Amazon’s plastic pollution is under scrutiny today with the publication of a new report by the nonprofit ocean advocacy organization Oceana. That report estimates that Amazon was responsible for 465 million pounds of plastic packaging waste last year. Amazon says that figure is overblown — by over 350 percent. Amazon claims that it uses about a quarter of Oceana’s estimate, according to an email from the company to The Verge. If that’s the case, then Amazon still used more than 116 million pounds of plastic packaging in 2019. Amazon did not share what its total plastic footprint was either through a spokesperson or in its most recent sustainability report published last September.

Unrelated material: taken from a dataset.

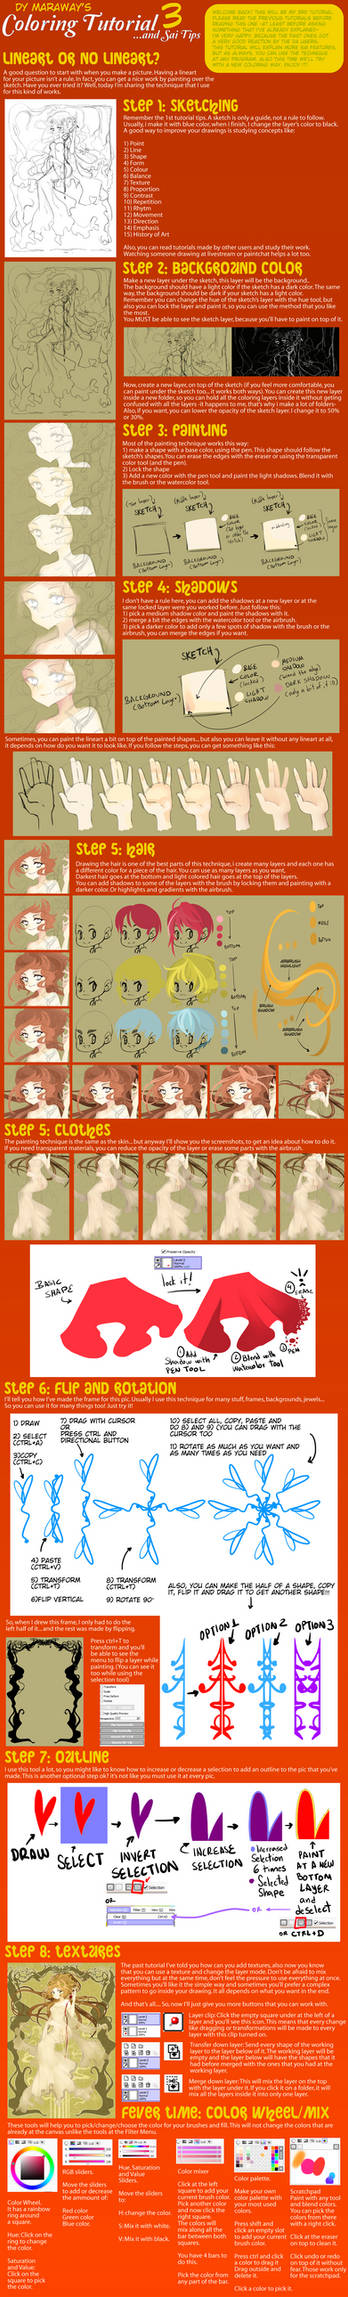 Coloring Tutorial and Sai Tips 3

Oceana still stands by the figures in its report, despite Amazon’s objections. “[Amazon] continues to, in response to questions about plastic use, offer anecdotes about packaging weight rather than transparency,” a spokesperson for the organization said in an email to The Verge. “Even the low number claimed by the company for its plastic packaging footprint would still be an enormous amount of plastic waste — enough to circle the earth over a hundred times in the form of air pillows and to cause very large problems for the oceans.” Oceana is concerned that as more people shop online, a greater share of leftover packaging will end up in the ocean. Since Amazon hasn’t publicly released numbers on its plastic pollution, Oceana tried to track it down itself. “What you don’t measure you cannot manage. So we had to estimate this,” says Anne Schroeer, a director of strategic initiatives at Oceana. “Obviously, it would be much better if Amazon would publish their plastic footprint.”
Using that assumption, Oceana estimated that up to 22 million pounds of Amazon’s plastic packaging waste polluted freshwater and marine ecosystems across the world last year. It based that projection on a study published earlier this year that estimated that 11 percent of global plastic waste wound up in aquatic ecosystems. That study, however, isn’t limited to packaging waste, which makes it difficult to use its data as a way to pinpoint how much plastic pollution Amazon sent to oceans, rivers, and lakes. “We share Oceana’s ambition to protect and restore the world’s oceans, and we support the reduced use of plastics. However, Oceana has dramatically miscalculated Amazon’s use of plastic,” a spokesperson for Amazon said in a statement.